Die eigenen Ziele sollen erreicht werden, das macht Moskau immer wieder klar. Zuletzt nährte man in Russland erneut Befürchtungen, die Pläne des Kremls könnten nicht bloß auf die Eroberung von Gebieten im Osten der Ukraine begrenzt sein.
„Die sogenannte Ukraine wird nicht ein Viertel dieser Zeit überstehen“
„Die sogenannte Ukraine wird nicht ein Viertel dieser Zeit überstehen“, kommentierte der frühere russische Präsident Dmitri Medwedew die Zusicherung des britischen Außenministers David Lammy von Londons Unterstützung für die Ukraine in den nächsten 100 Jahren.
„Die Insel namens Großbritannien wird wahrscheinlichen in den nächsten Jahren untergehen“, erklärte der Chef der russischen Regierungspartei weiter. „Unsere Hyperschallraketen werden bei Bedarf helfen“, fügte Medwedew mal wieder eine Drohung an, mit der Atomschläge gemeint gewesen sein dürften – samt einem zwinkernden Emoji.

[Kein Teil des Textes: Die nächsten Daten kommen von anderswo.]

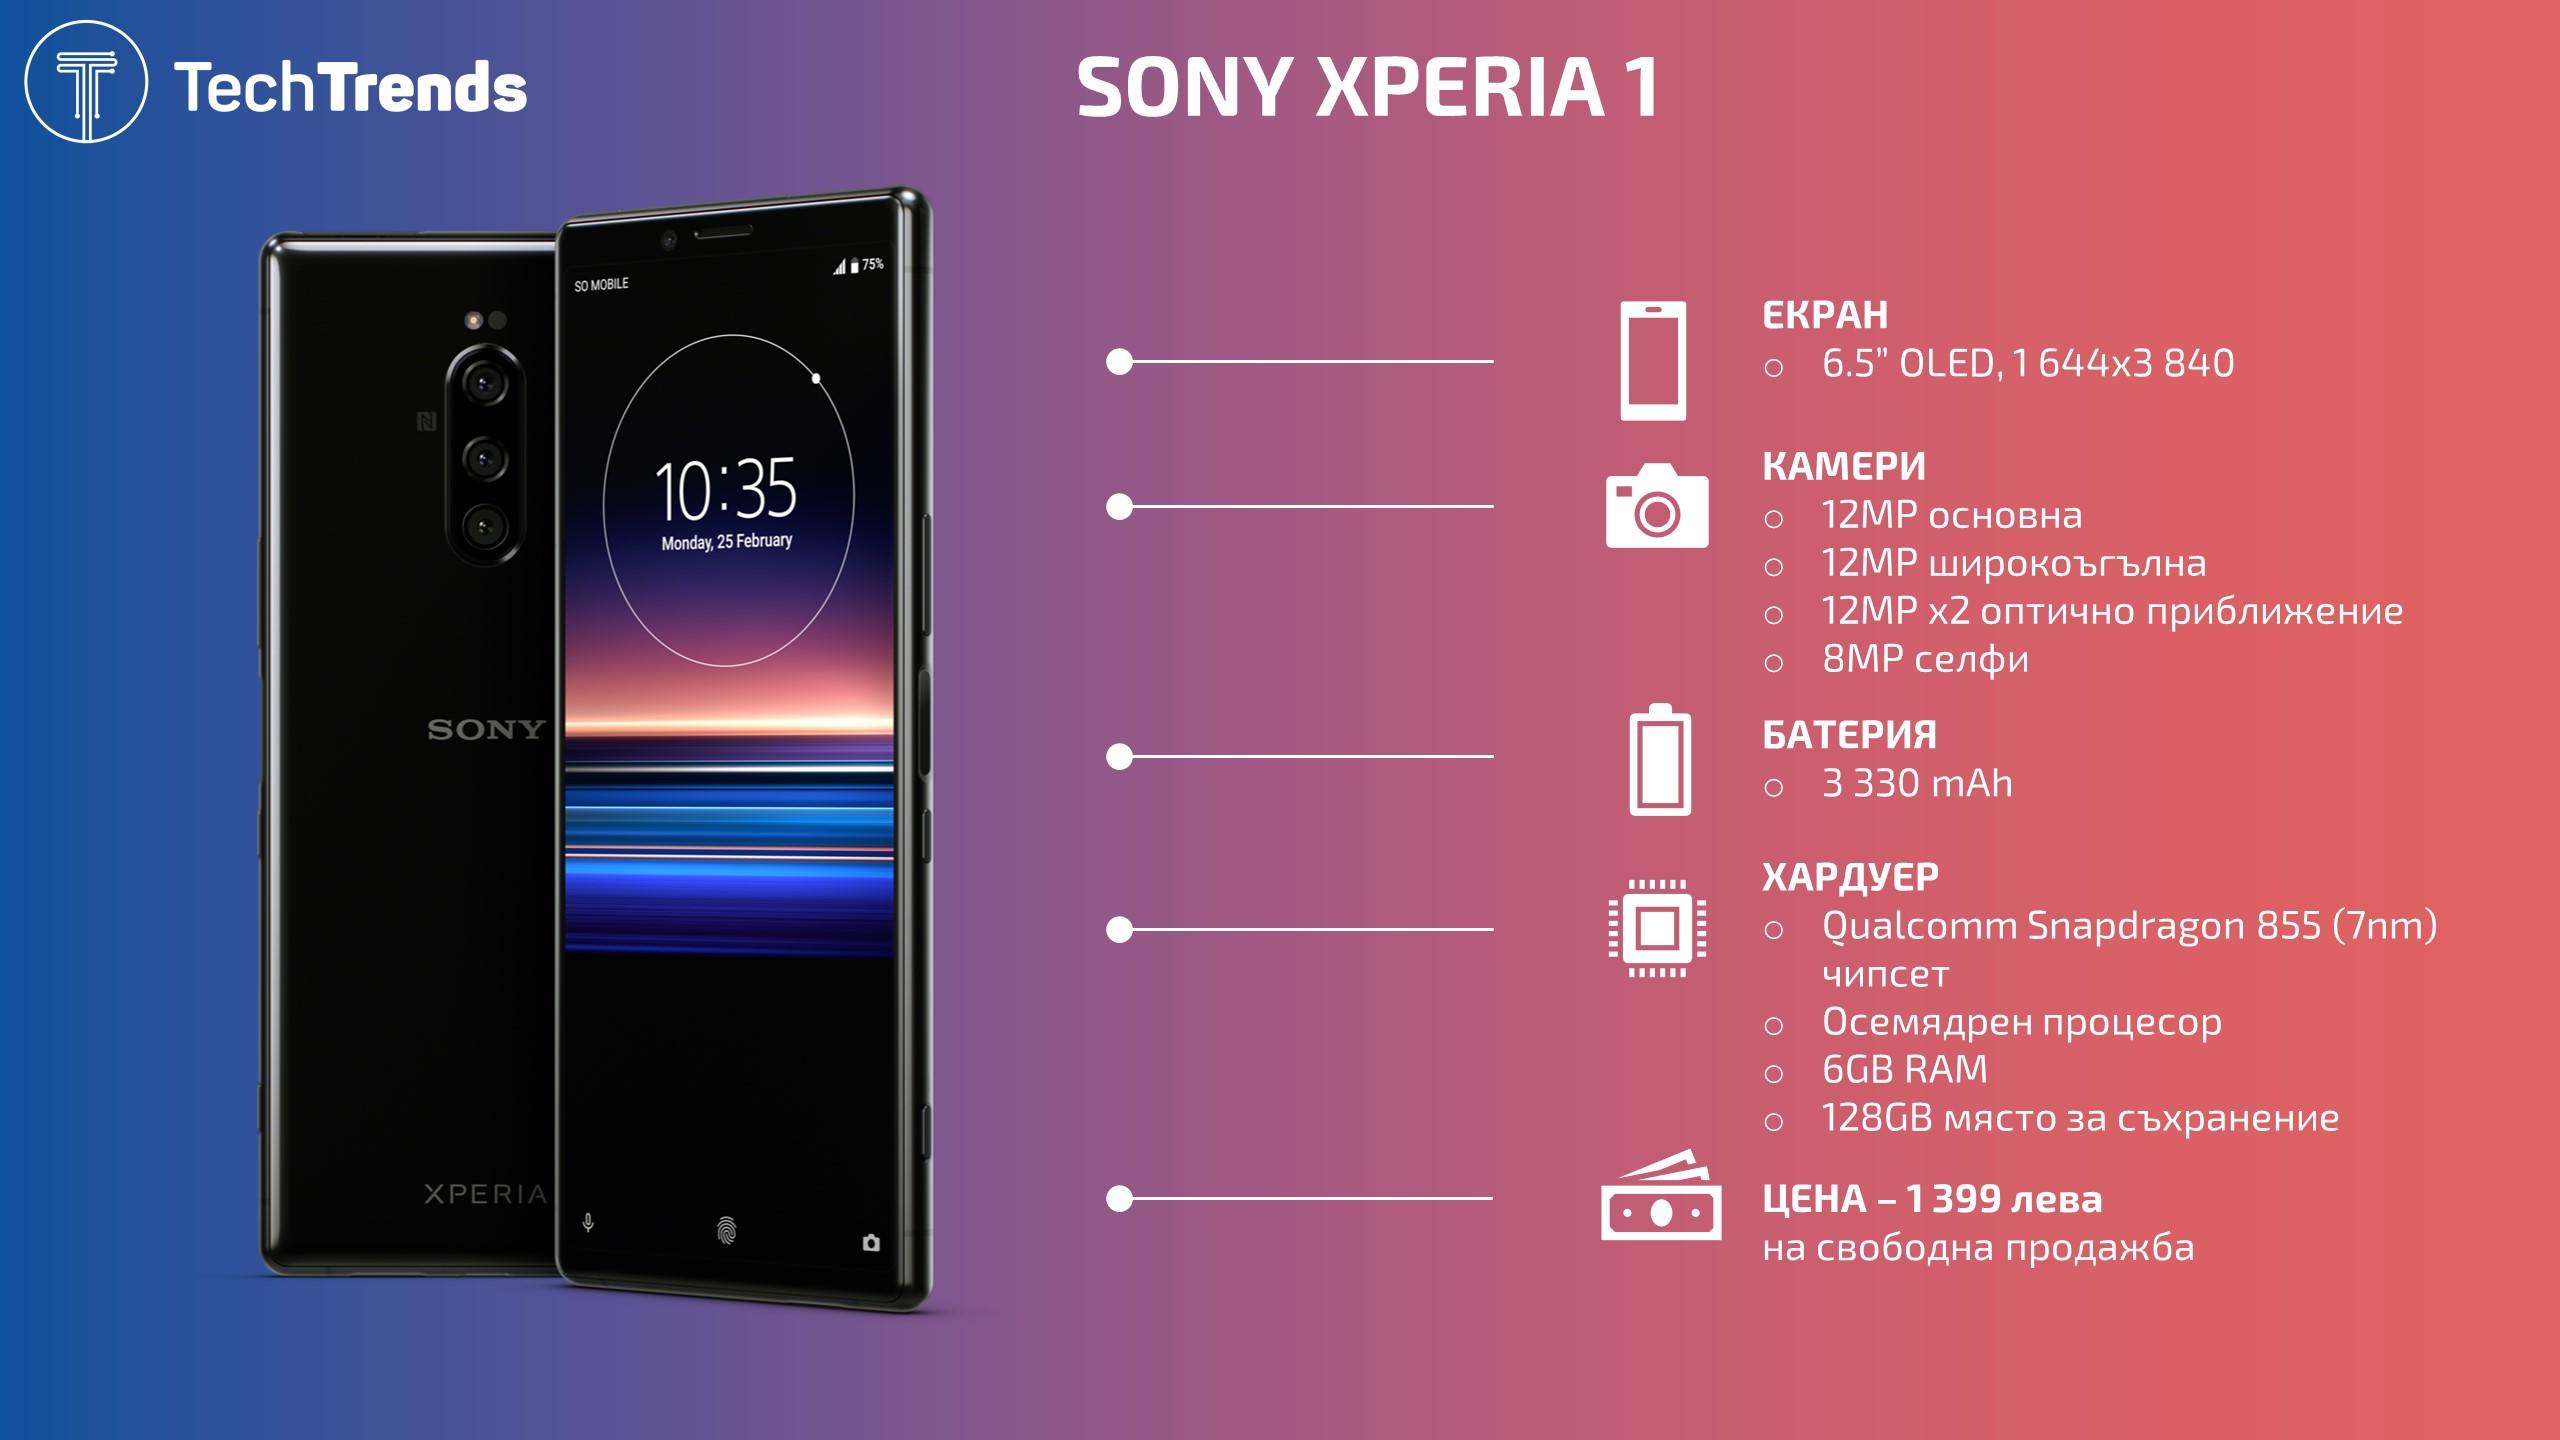 Sony-Xperia-1-Infographic
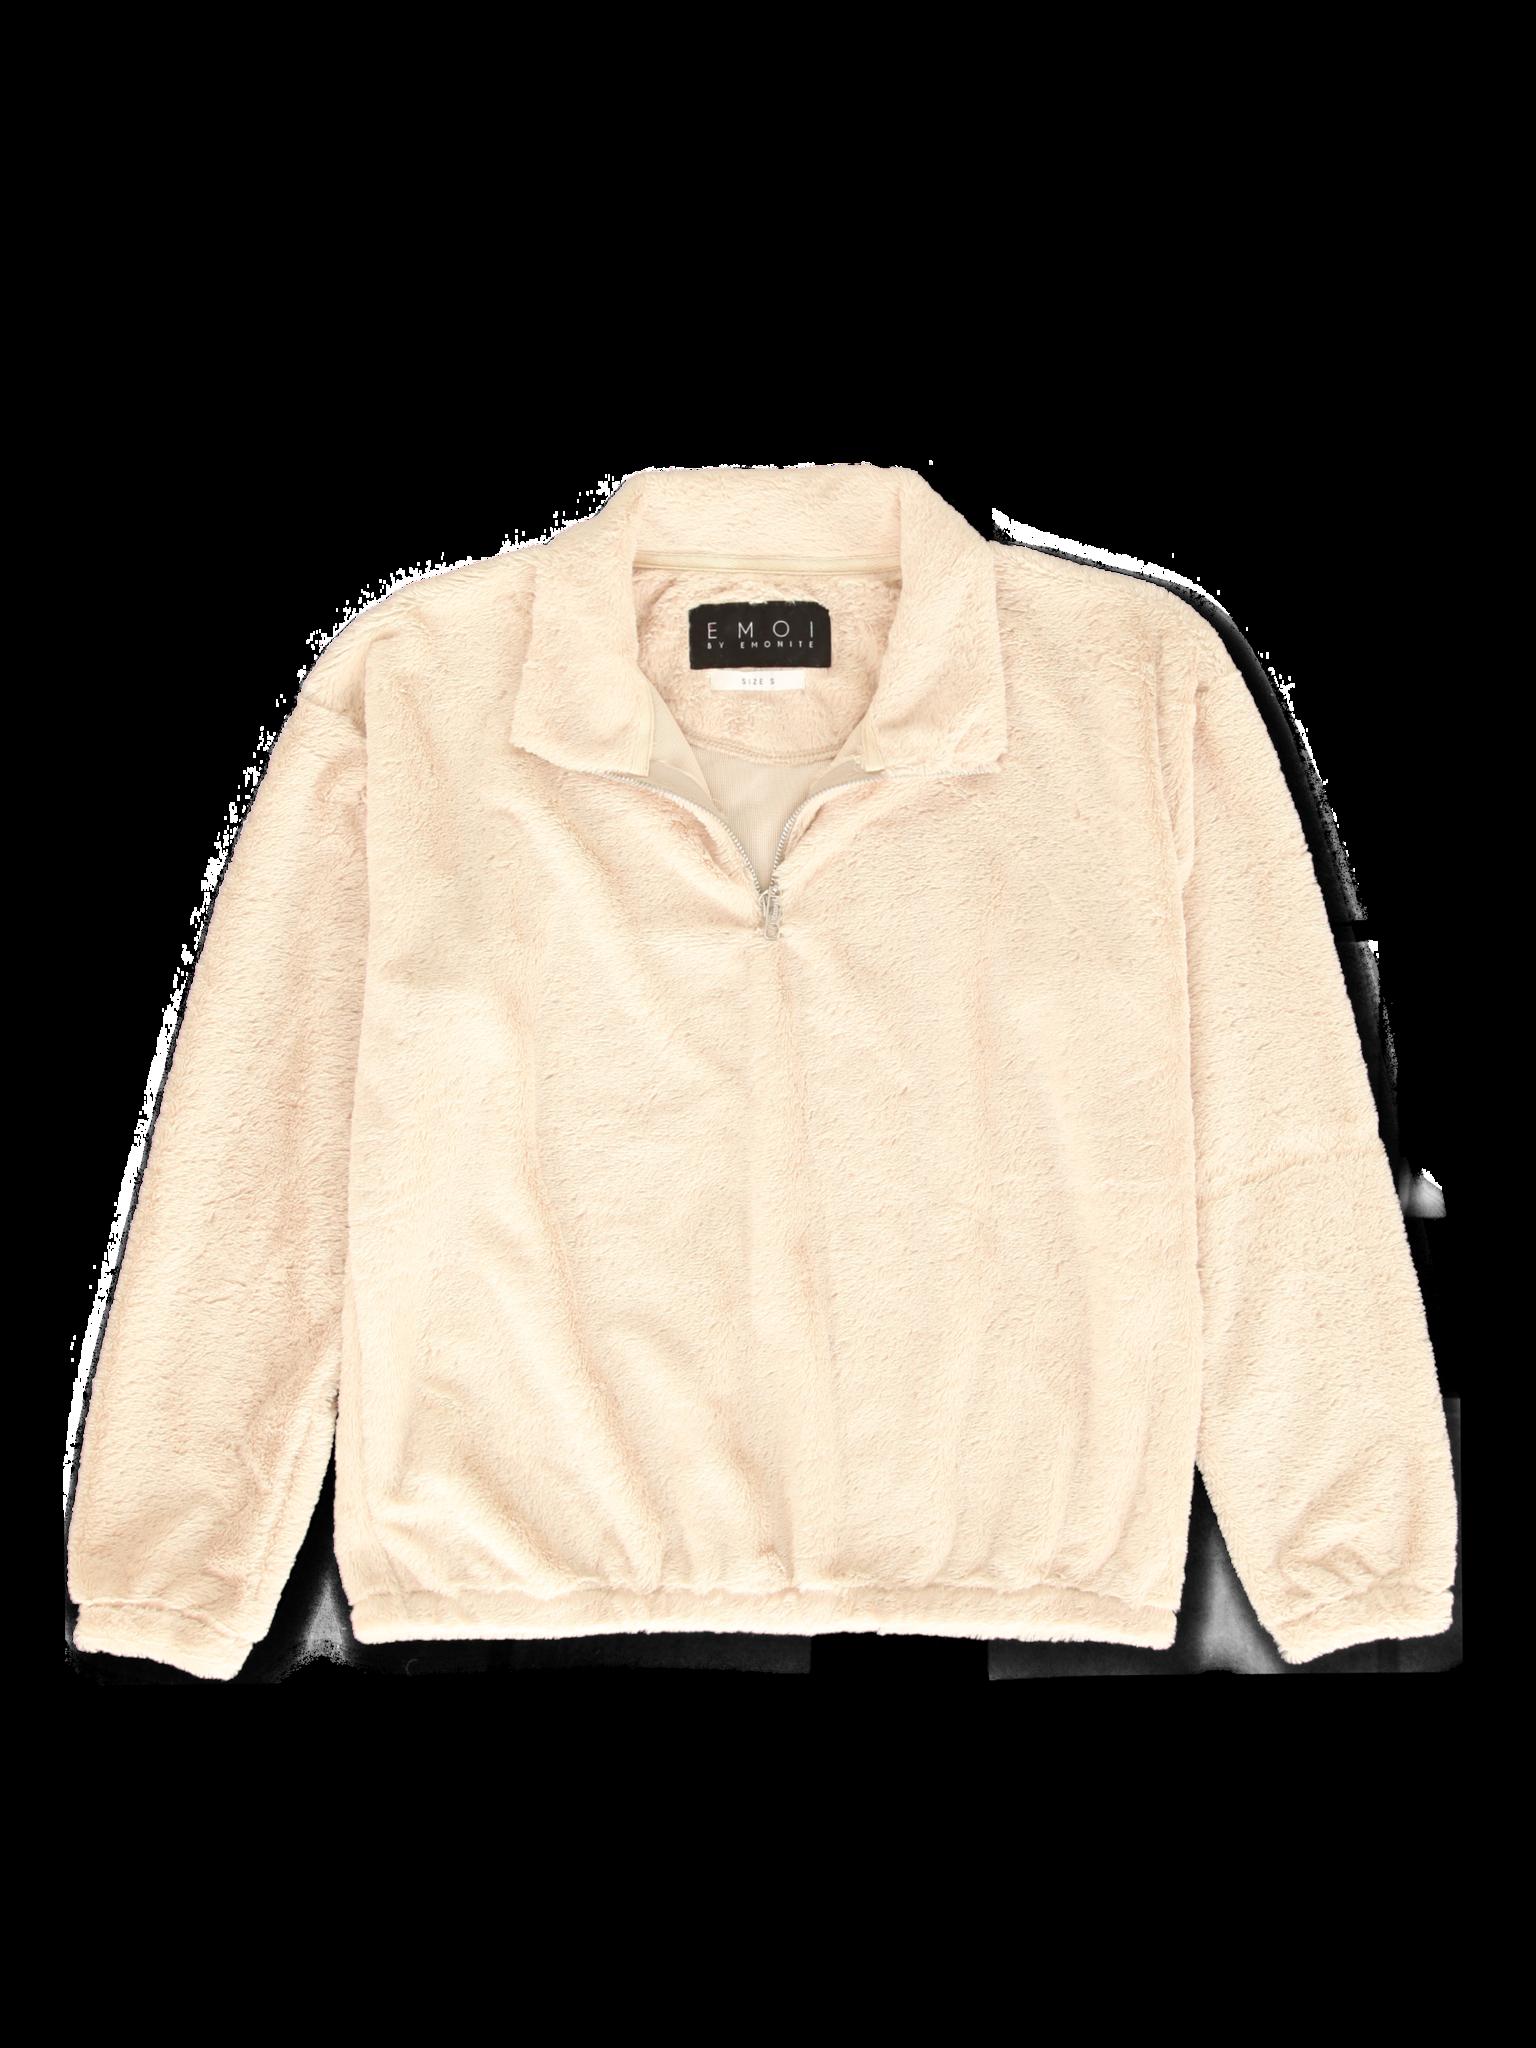 All Brands | Winterproducts Ladies | Sweatshirt | 24 pcs/box

Moskau bleibt auf Kriegskurs: „Natürlich keine Verhandlungen“
Eine diplomatische Lösung, über die Bundeskanzler Olaf Scholz zu Wochenbeginn noch öffentlich sinniert hatte, scheint für Moskau nicht in Frage zu kommen. Man werde „natürlich keine Verhandlungen“ mit der Ukraine führen, solange Kiew russisches Territorium in Kursk besetzt halte, hatte Sicherheitsratschef Sergei Schoigu zuvor bereits klargestellt.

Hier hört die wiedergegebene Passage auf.